Heat shock protein 90 (Hsp90) drugs have been tested successfully in clinical trials for breast cancer, lung cancer, leukemia, multiple myeloma, and gastric cancer. Now, it appears Hsp90 drugs may have a role in combating prostate cancer, kidney cancer, and other urologic cancers.
Researchers at the SUNY Upstate Medical University are now reporting in Cell Reports that they have found a key cellular enzyme (c-Abl) may be an effective drug target in cancer cells for urologic cancers.1 They report that these findings may be of paramount interest to clinicians because kidney cancer, in particular, is known to be resistant to current chemotherapy and radiation. The new findings may lead to new therapies for combating kidney cancer and prostate cancer, and they are therapies that are already in development.

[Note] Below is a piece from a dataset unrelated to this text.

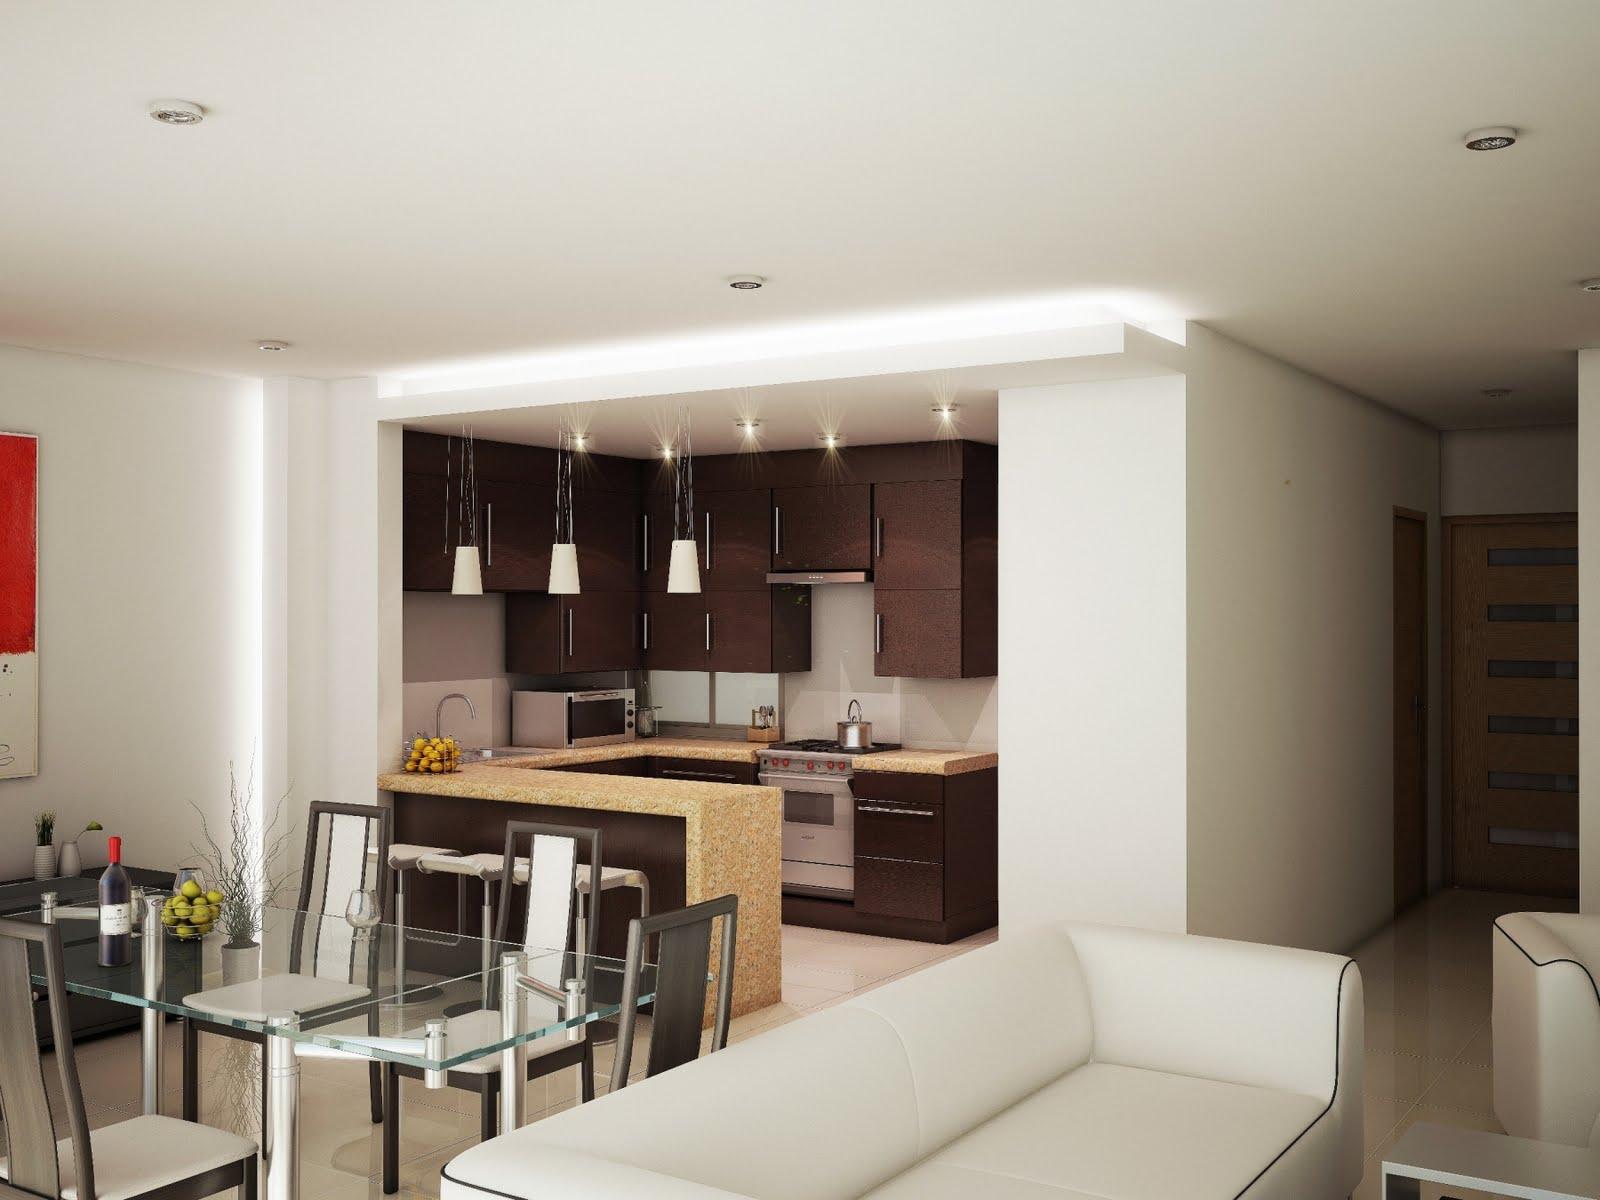 3d render animacion e infografia departamentos en veracruz for Interiores de departamentos

In this study, researchers uncovered a mechanism whereby the key cellular enzyme Hsp90 could disengage from its role as chaperone of cancer cells. By acting as a guardian of cancer cells, the role of Hsp90 is to help cancer cells grow and thrive. This disruption is essential to halt the growth and kill the cancer cells.
Previous research showed that the disruption of Hsp90 from its activator (Aha1) sensitizes cancer cells to Hsp90 drugs. The Upstate researchers used specific compounds aiming at the regulator of Aha1(c-Abl1) to successfully disconnect Aha1 from Hsp90. With the regulator Aha1 disrupted, they were able to show that Hsp90 drugs can be used more effectively in inhibiting kidney cancer cells growth.
“This type of study brings Hsp90 drugs closer to a clinical trial testing in kidney cancer patients,” said lead study investigator Mehdi Mollapour, PhD, who is an assistant professor of urology and biochemistry and molecular biology at SUNY Upstate Medical University, Syracuse, NY. Mollapour said these findings will not only help enhance the efficacy of Hsp90 drugs in the clinic, but also lay a foundation for future studies aiming to understand combination therapy with Hsp90 drugs.2
Hsp90 inhibitors are currently under investigation in clinical trials in a variety of cancer patients and so investigators are searching for novel strategies to enhance their efficacy.The researchers write that “Our data also provide an explanation for previous findings on the synergistic effects of the combination of imatinib (STI571, Glivec, and Gleevec) plus 17-AAG on chronic myeloid leukemia (CML) cell lines (Radujkovic et al., 2005).” They further state that fusion of bcr-abl gene is associated with CML and imatinib can sensitizes CML cell lines to 17-AAG.2
About 61,000 new cases of kidney cancer are diagnosed each year and approximately 14,000 people die from the disease. The most common form of kidney cancer is renal cell carcinoma (RCC) and it is highly resistant to systemic chemotherapy.
- Geddes D. (2015). Upstate researchers find key cellular enzyme could be effective drug target in urologic cancer cells. Upstate Medical University.
- Dunn DM, Woodford MR, Truman AW, et al. (2015). c-Abl Mediated Tyrosine Phosphorylation of Aha1 Activates Its Co-chaperone Function in Cancer Cells. Cell Reports/Science Direct, Aug 11;12(6):1006-18.